This court followed the Pickering analysis in Donahue v. Staunton, 7 Cir., 471 F.2d 475 (1972), cert. denied, 410 U.S. 955, 93 S. Ct. 1419, 35 L. Ed. 2d 687 (1973). There a chaplain employed by a state mental institution was discharged on account of his public statements exposing unwholesome conditions within the institution. The defendant in that case urged that the chaplain, as a function of his employment, was required to publicly promote institutional programs and that this function could no longer be performed in view of his outspoken criticism of the institution. We found, however, that this function was not such an integral part of his job that public criticism could not be tolerated. After considering all the state interests applicable in the case, we concluded that 'the interest of society in 'uninhibited and robust debate' on matters of public concern, such as mental health care, and plaintiff's individual interest in being free to speak out on matters of concern to him, outweigh those of the State as an employer.' Id. at 481.

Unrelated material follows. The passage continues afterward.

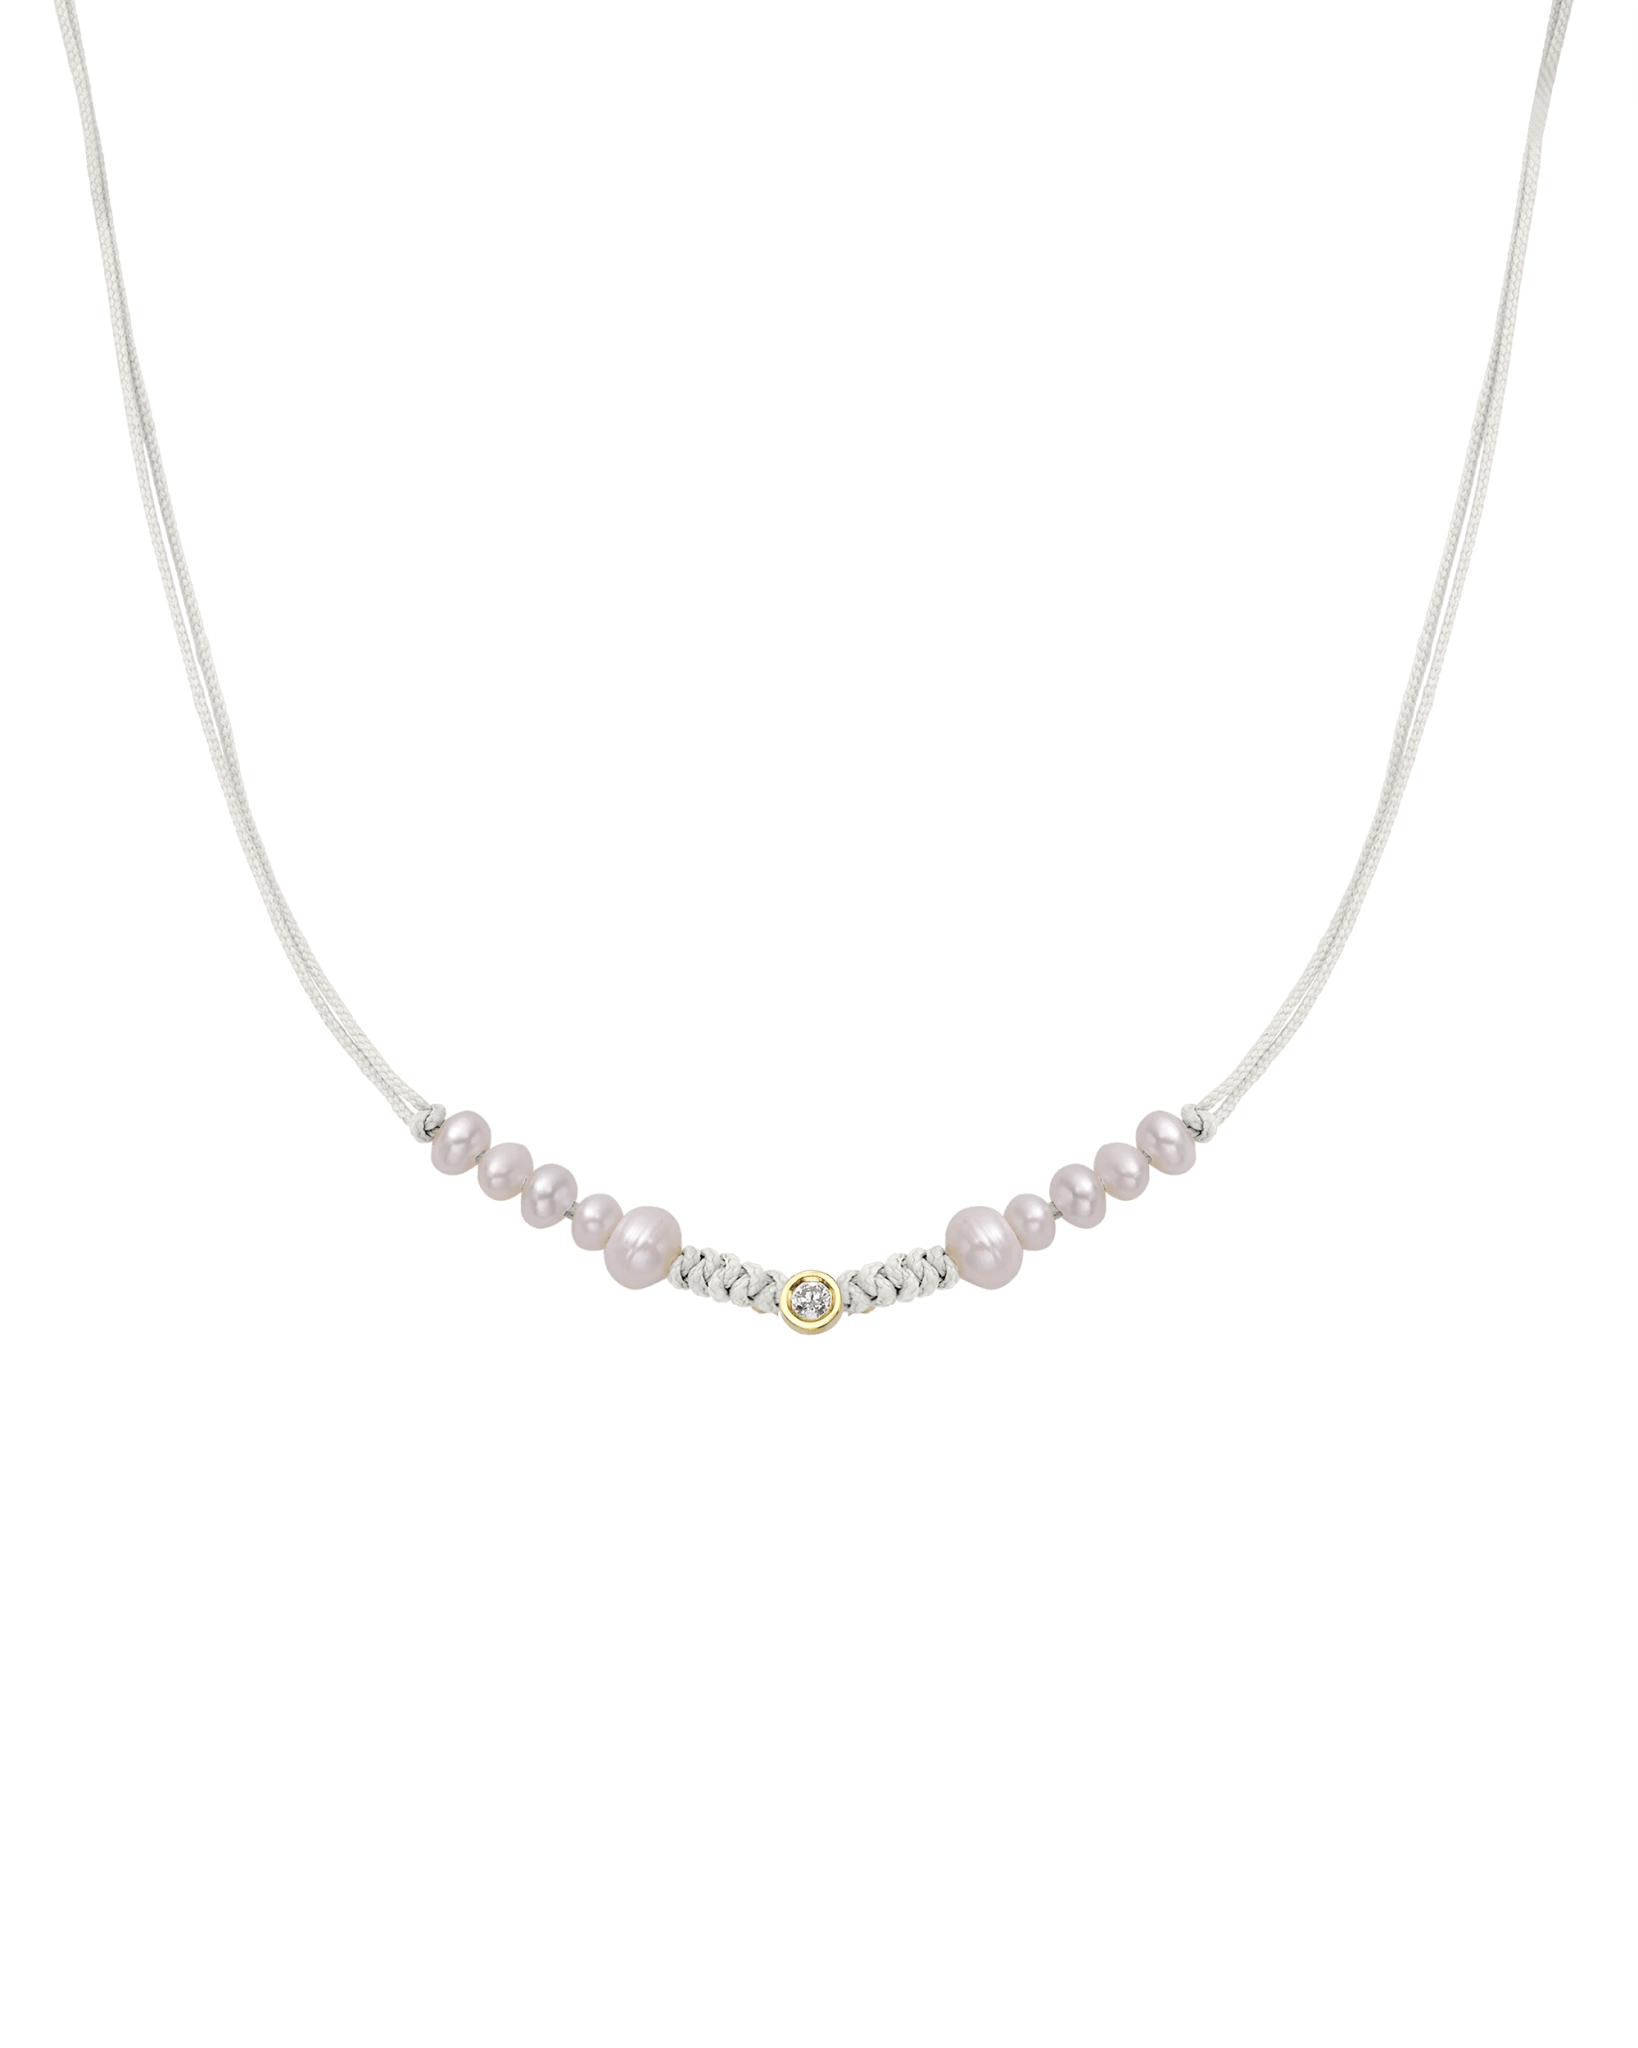 Ten Natural Pearl String of Love Necklace - 14K Yellow Gold Necklaces 14K Solid Gold Pearl Medium: 0.04ct 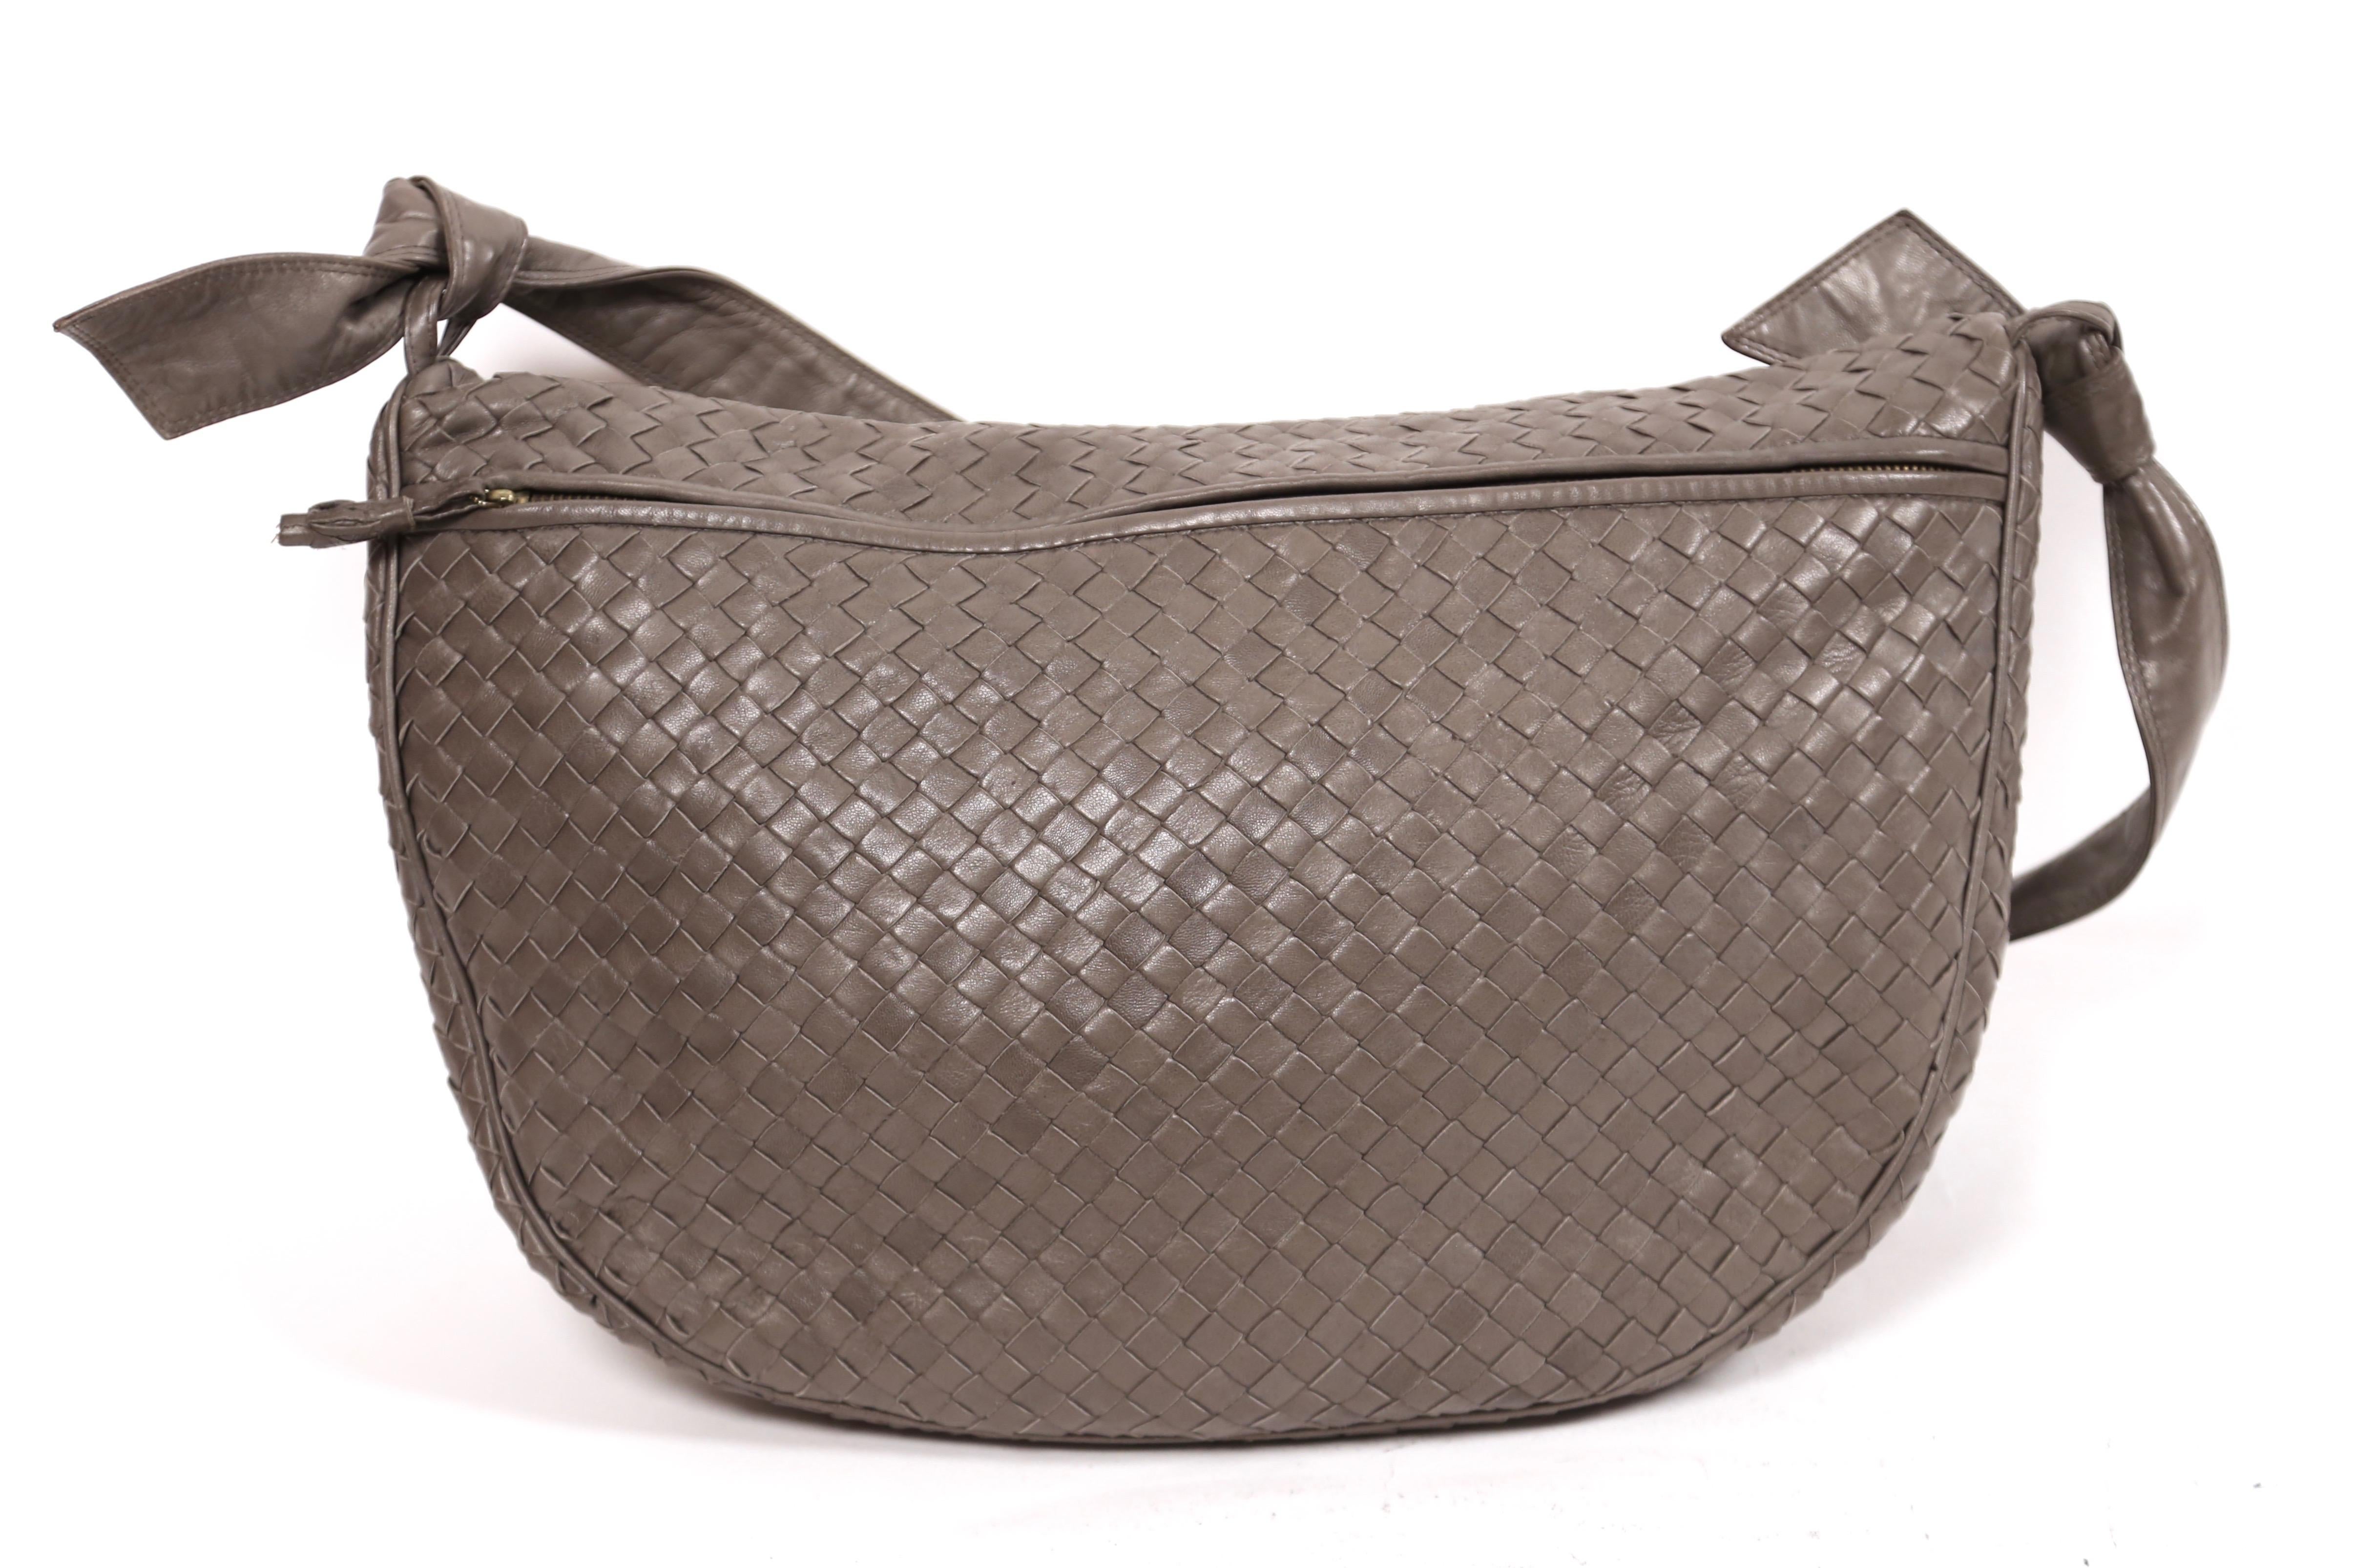 Elephant-Grey woven leather bag from Bottega Veneta dating to the late 1980's. Bag measures approximately 16

The analysis developed in Pickering and Donahue requires us to consider in the instant appeal whether a state interest inherent in the employment relationship between police officers and the chief of police justifies the police chief's action in disciplining plaintiffs for making the particular statements here at issue.

The Supreme Court has recognized that 'policemen, like teachers and lawyers, are not relegated to a watered-down version of constitutional rights.' Garrity v. New Jersey, 385 U.S. at 500, 87 S. Ct. at 620. This court has rejected any broad analogy between the interests of a municipal police force and those of a military unit requiring rigid discipline and broad curtailment of constitutional freedoms. Bence v. Breier, 7 Cir., 501 F.2d 1185, 1192 (1974), cert. denied, 419 U.S. 1121, 95 S. Ct. 804, 42 L. Ed. 2d 821 (1975); Muller v. Conlisk, 7 Cir., 429 F.2d 901, 904 (1970).9  We stated in Muller: 'To the extent that being a policeman is public employment with unique characteristics, the right of the employee to speak on matters concerning his employment with the full freedom of any citizen may be more or less limited. It is not, however, destroyed.' Id. Any unique aspect of police department employment is to be considered as but one element in the balancing of interests in an individual case.

The Milwaukee Police Department regulation at issue in this case, which prohibits employees from disclosing the confidential business of the department, is clearly valid on its face. A public employer has a legitimate interest in preserving confidentiality in the conduct of its internal affairs. This is particularly true in the sensitive area of law enforcement. A general confidentiality rule prevents improper use of inside information obtained in the course of public employment. The rule curtails the publication of inaccurate or misleading statements which might result from premature disclosure of pending matters. It further insures that the public will not erroneously attribute to the police department a statement made by a single officer without official sanction. The regulation essentially prevents the public employee from abusing the public confidence which inheres in his position.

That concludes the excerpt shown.